At what point does legal caution become political camouflage?
Questions on land conversions? Sub judice.
Agricultural land transformed into concrete corridors? Sub judice.
Transparency about the constitution of the Town and Country Planning Board — not even remotely in court? Silence.
A pattern is not an accident. It is a strategy.
Ironically, even people from his own constituency have begun to call his bluff. Many from Sattari stood in solidarity with the protestors at Azad Maidan. They made one thing clear: they are not anyone’s slaves.
Yes, Vishwajit Rane may have facilitated employment for many in government hospitals. But public jobs are not feudal favours. Gratitude is not servitude. Democracy is not a plantation economy.
The chant that echoed through the protests said it all:
“Raneacho por, Sattaricho chor.”
Crude? Perhaps. But slogans are born from sentiment. And sentiment is shifting.

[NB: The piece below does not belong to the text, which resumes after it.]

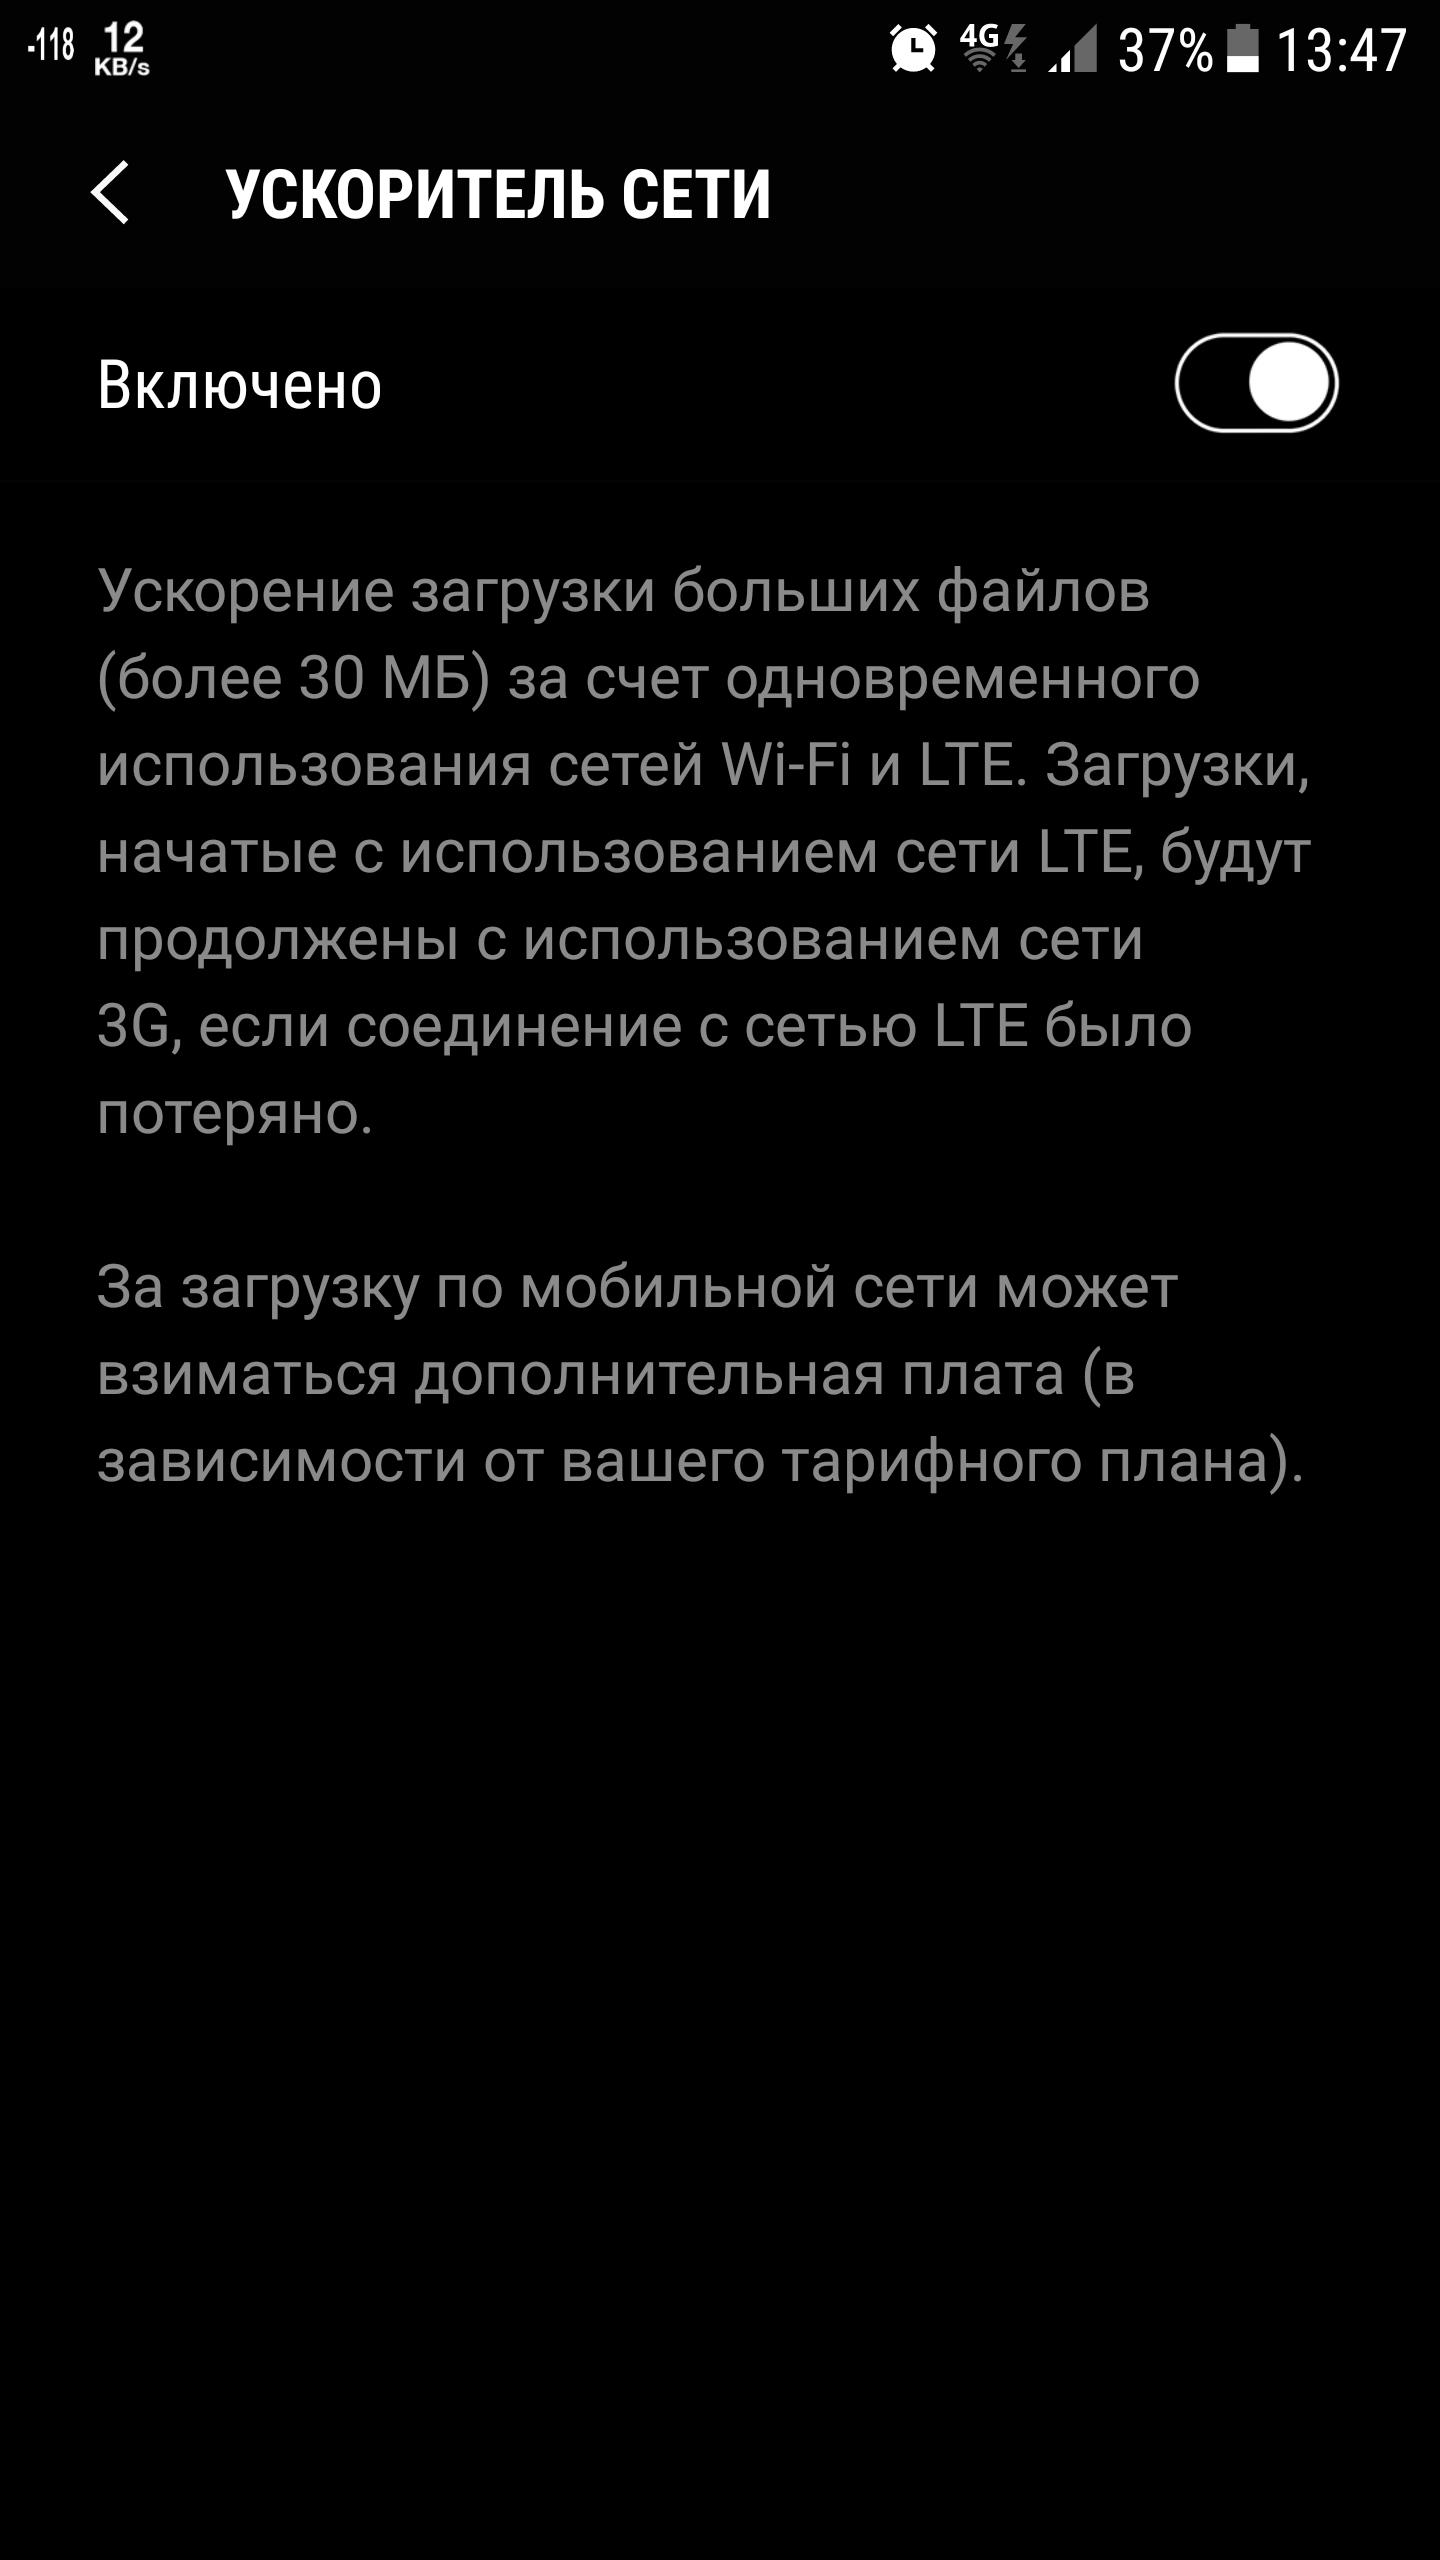 Ускоритель сети Samsung и Speedify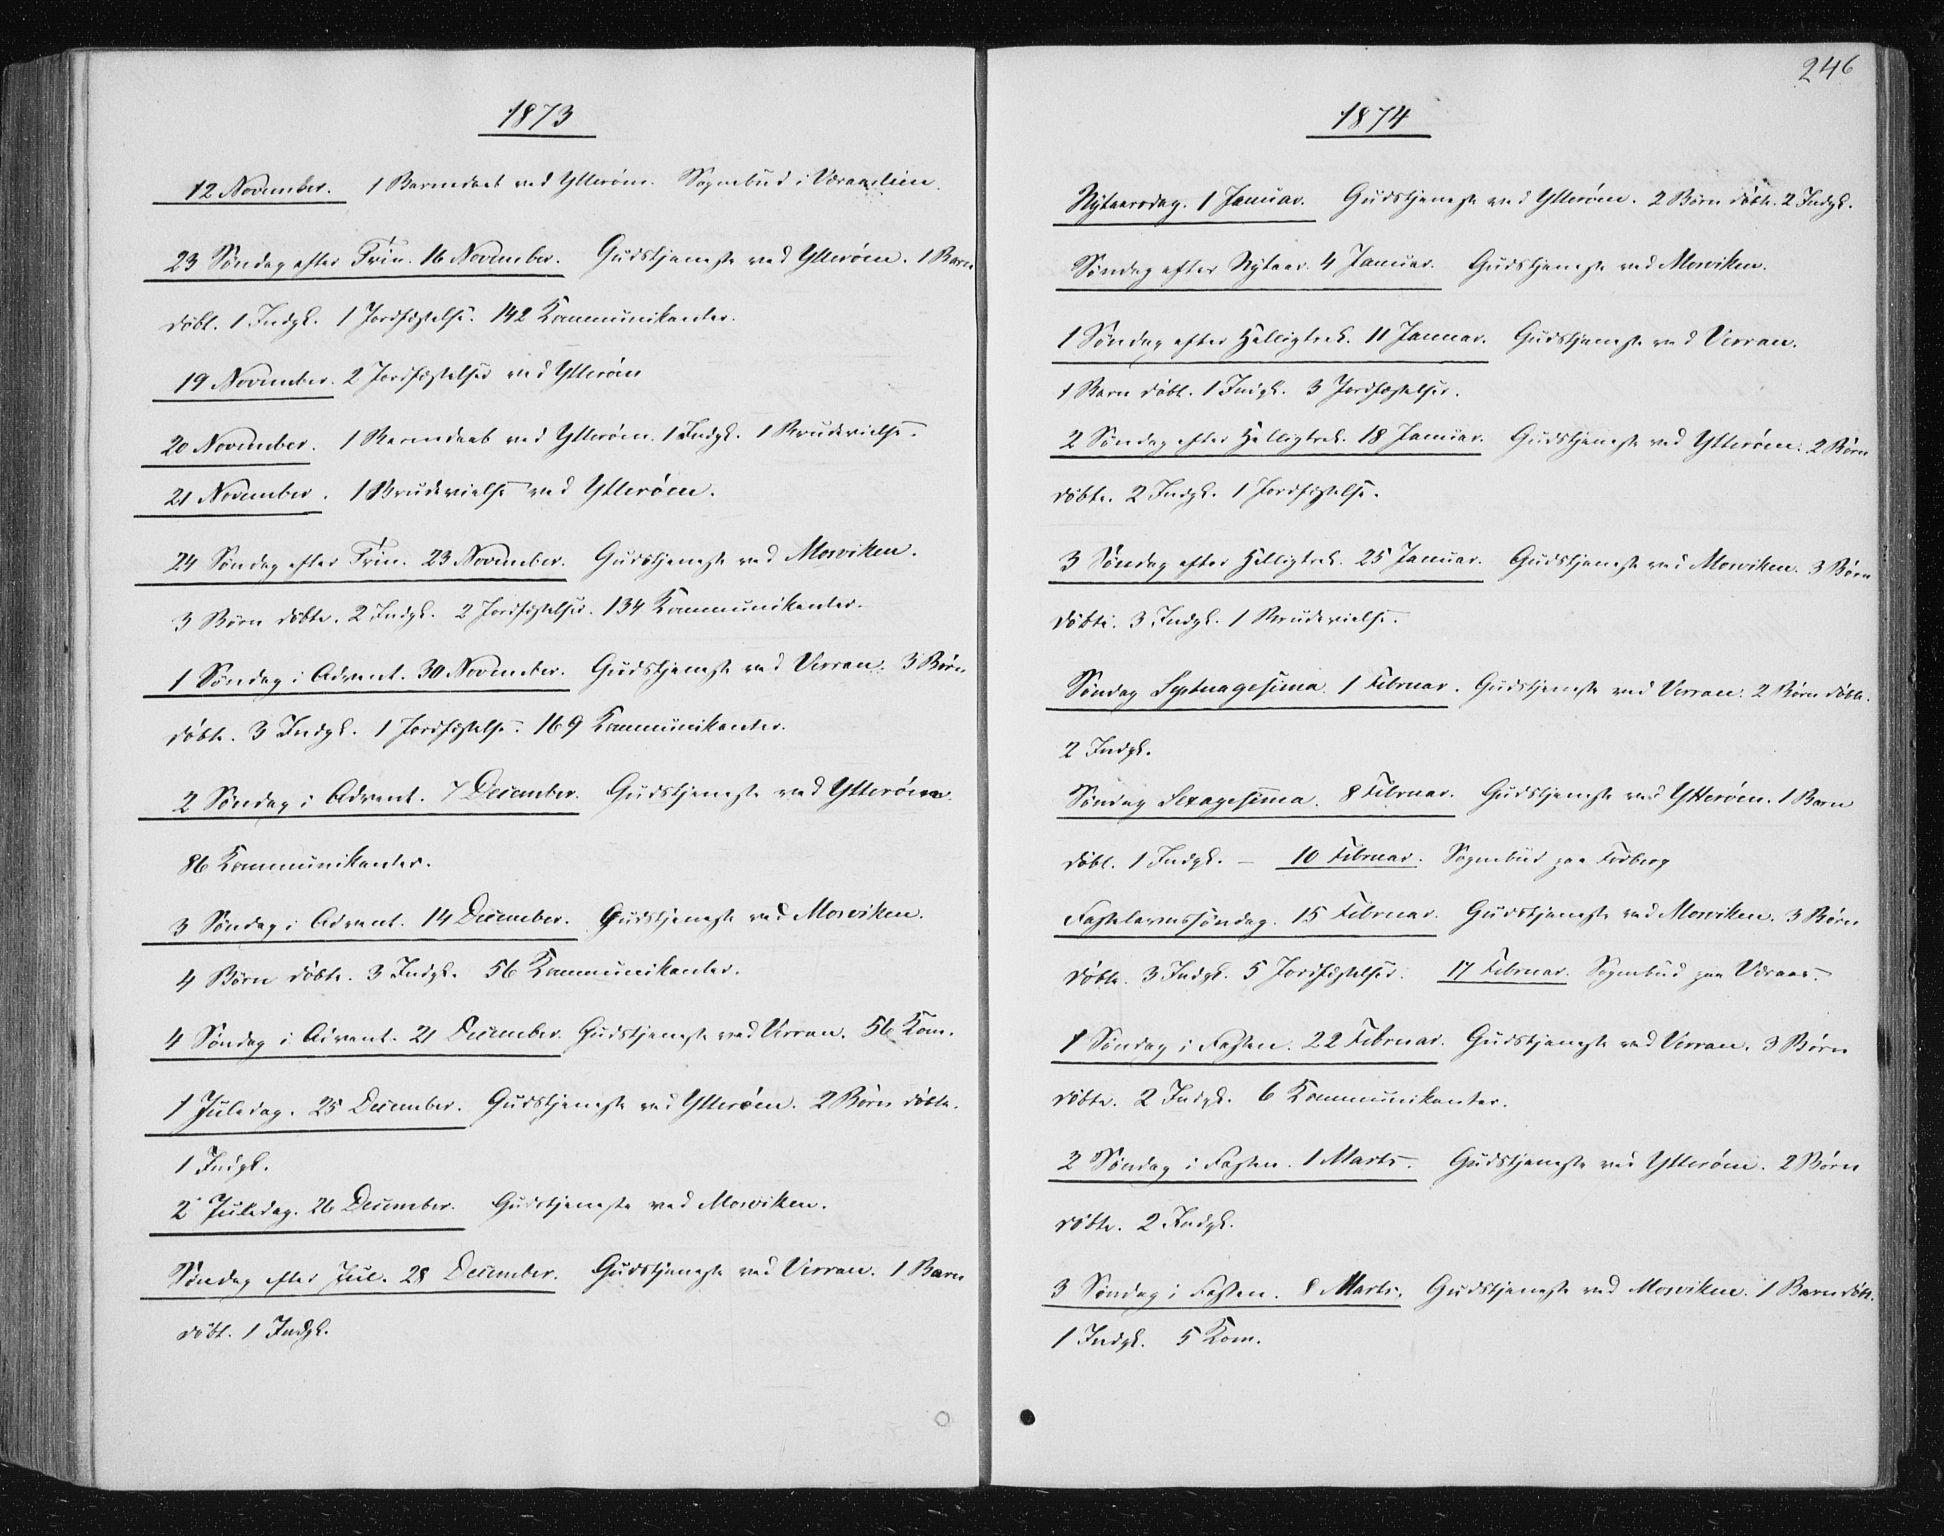 SAT, Ministerialprotokoller, klokkerbøker og fødselsregistre - Nord-Trøndelag, 722/L0219: Ministerialbok nr. 722A06, 1868-1880, s. 246

The Ranes of history were often described as mercenaries — men who fought, plundered, and buried what they seized. Today, critics argue that through the controversial 39A amendment to the Town and Country Planning Act, Goa’s hills, orchards and fields are being parcelled out under the glossy label of “development.”
Is this governance — or is it inheritance?
Meanwhile, the minister accuses the Opposition of “creating anarchy.” The irony is almost theatrical. A man who cannot transparently answer who sits on his own Board blames citizens for asking questions. It is the oldest trick in politics: when cornered, attack the crowd.
But Goans are not naïve. They see the smoke. They see the mirrors. They see the well-timed legal shields deployed whenever accountability knocks.
Right now, the Town and Country Planning Ministry does not look like a department of governance. It looks like a bunker.
And outside that bunker, the pressure is mounting.
With St. Andre MLA Viresh Borkar launching a “Karo Ya Maro” indefinite hunger strike, the political temperature is rising. The silence from cabinet colleagues is deafening. The distancing within his own constituency is telling.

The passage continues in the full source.